Works and deeds,” though, does not mean works and deeds solely the way they look in outward form. It also includes their deeper nature. Everyone knows, really, that all our deeds and works come from our intention and thought, for if they did not come from there they would be no more than motions like those of machines or robots. So a deed or work in its own right is simply an effect that derives its soul and life from our volition and thought, even to the point that it is volition and thought in effect, volition and thought in an outward form. It follows, then, that the quality of the volition and thought that cause the deed or work determines the quality of the deed or work.
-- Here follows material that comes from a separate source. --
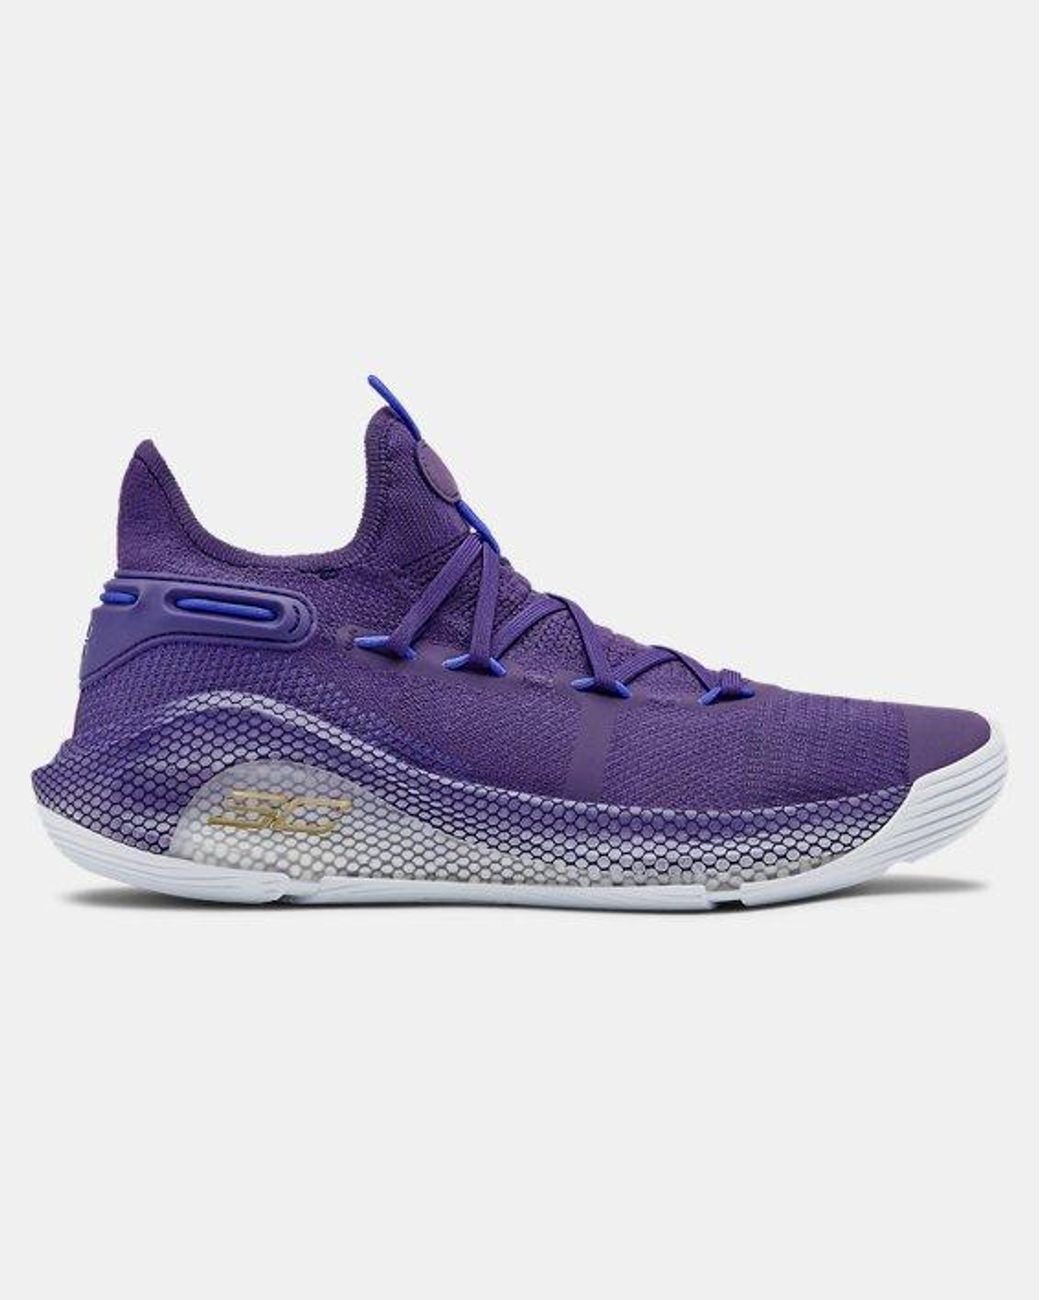 curry 6 purple sneakers

If the thought and intent are good, then the deeds and works are good; but if the thought and intent are evil, then the deeds and works are evil, even though they may look alike in outward form. A thousand people can behave alike—that is, can do the same thing, so much alike that in outward form one can hardly tell the difference. Yet each deed in its own right is unique because it comes from a different intent.
Take for example behaving honestly and fairly with an associate. One person can behave honestly and fairly with someone else in order to seem honest and fair for the sake of self and to gain respect; another person can do the same for the sake of worldly profit; a third for reward and credit; a fourth to curry friendship; a fifth out of fear of the law and loss of reputation and office; a sixth to enlist people in his or her cause, even if it is an evil one; a seventh in order to mislead; and others for still other reasons. But even though all of their deeds look good (for behaving honestly and fairly toward a colleague is good), still they are evil because they are not done for the sake of honesty and fairness, not because these qualities are loved, but for the sake of oneself and the world, because these are loved. The honesty and fairness are servants of this love, like the servants of a household whom their lord demeans and dismisses when they do not serve.
People behave honestly and fairly toward their colleagues in a similar outward form when they are acting from a love of what is honest and fair. Some of them do it because of the truth of faith, or obedience, because it is enjoined in the Word. Some of them do it for the sake of the goodness of faith or conscience, because they are moved by religious feeling. Some of them do it out of the good of thoughtfulness toward their neighbor, because one’s neighbor’s welfare is to be valued. Some of them do it out of the goodness of love for the Lord, because what is good should be done for its own sake; so too what is honest and fair should be done for the sake of honesty and fairness. They love these qualities because they come from the Lord, and because the divine nature that emanates from the Lord is within them. So if we see them in their true essence, they are divine. The deeds or works of these people are inwardly good, so they are outwardly good as well; for as already noted, the nature of deeds and works is entirely determined by the nature of the thought and intent from which they stem, and apart from such thought and intent they are not deeds and works but only lifeless motions.
We may gather from this what is meant by works and deeds in the Word.